Wednesday, February 22, 2023

Bunker: More WWI Horror

Private Segura is probably a lot like my great-grandfather, who served in WWI as a member of the New Mexico National Guard, even though it had only been a state since 1912. However, Segura encounters something supernaturally evil in a German bunker that Great-grandfather never had to worry about—presumably, since you are reading this review. The Germans suddenly don’t look so bad in Adrian Langley’s Bunker, which opens Friday in theaters.

Lucky Segura is a medic, who is part of the paltry reinforcements Captain Hall delivers to Lt. Turner. His primarily British contingent has been locked in a stalemate that appears set in concrete. Yet, rather inexplicably, it appears the Germans have completely abandoned their positions, so Turner mobilizes his battered remnants to capture that ground. What they find in the bunker is a German, strung up crucifixion-style.

Turner has Segura tend to the POW, in hopes of eliciting answers. However, they are interrupted when the Germans start shelling their own abandoned bunker, cutting off the rag-tag Allies from the above-ground. Then people start acting a little twitchy—and then more than a little crazy.

For obvious reasons,
Bunker is very similar in tone to Trench 11, but the horror element is supernatural rather than monstrous. In some ways, it almost feels like a dark parable, but there is an evil entity that eventually reveals himself—and the creature design work bringing it to life is pretty cool.

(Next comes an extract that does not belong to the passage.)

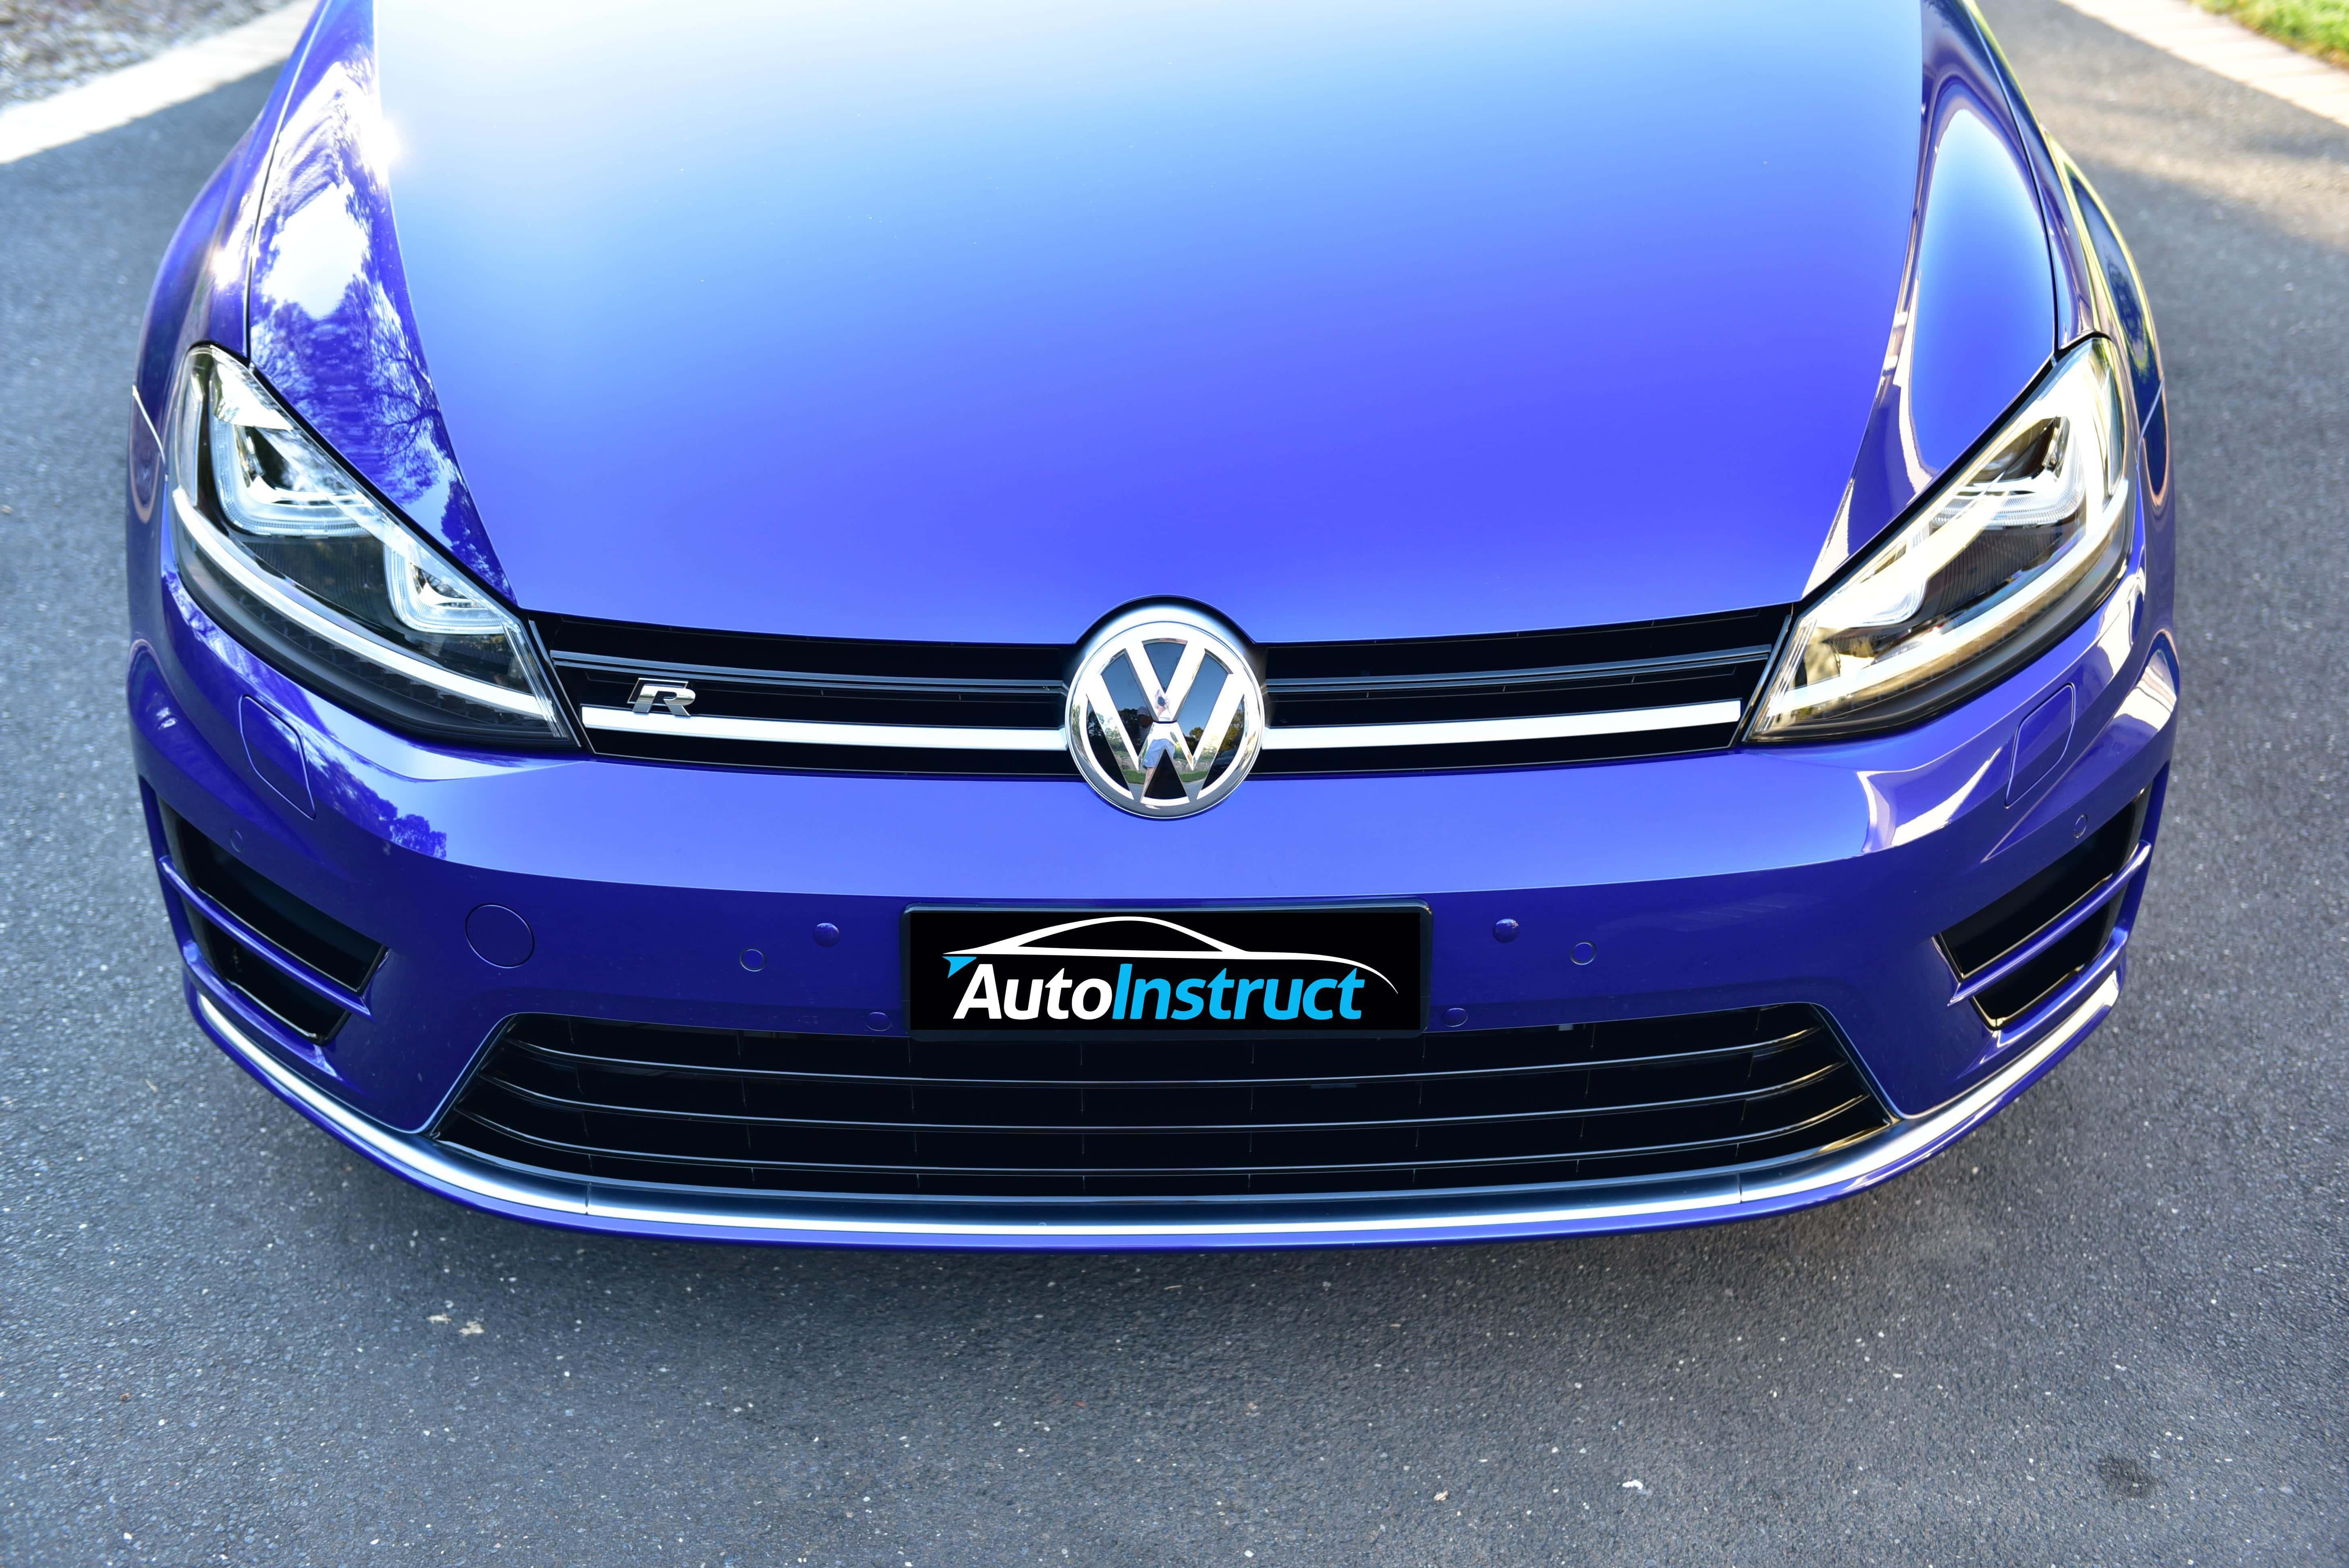 Volkswagen MK7 Golf OBDeleven / VCDS Tweaks List – AutoInstruct

Eddie Ramos is also rock-solid anchoring the film as Segura. His tough street smarts contrast well with the Brits, especially Patrick Moltane as the martinet Turner. Think of him as Benedict Cumberbatch’s
1917 officer magically inserted into a horror film. Indeed, Moltane goes nuts pretty spectacularly. Luke Baines is also enormously creepy as the mysterious POW.

Weirdly, World War I is becoming a comfortable horror setting, most likely because viewers are unfamiliar with the underlying causes and not nearly so dead-set against Germany and their Central Powers allies. Therefore, the notion of working with them, against an ancient evil something would not necessarily strike the professionally outraged as “problematic.” They conveniently forget the Armenian Genocide and the German war crime tribunals in Leipzig. Screenwriter Michael Huntsman definitely glosses over all that, offering up “everyone loses in war” platitudes instead.

Regardless,
Bunker has a strong and unnerving sense of place that contributes to the claustrophobic tension. It would have been a little more effective if it were a bit tighter and shorter, but Bunker still works pretty well. Recommended for fans of subterranean horror, Bunker opens Friday (2/24) in Los Angeles, at the Laemmle NoHo 7.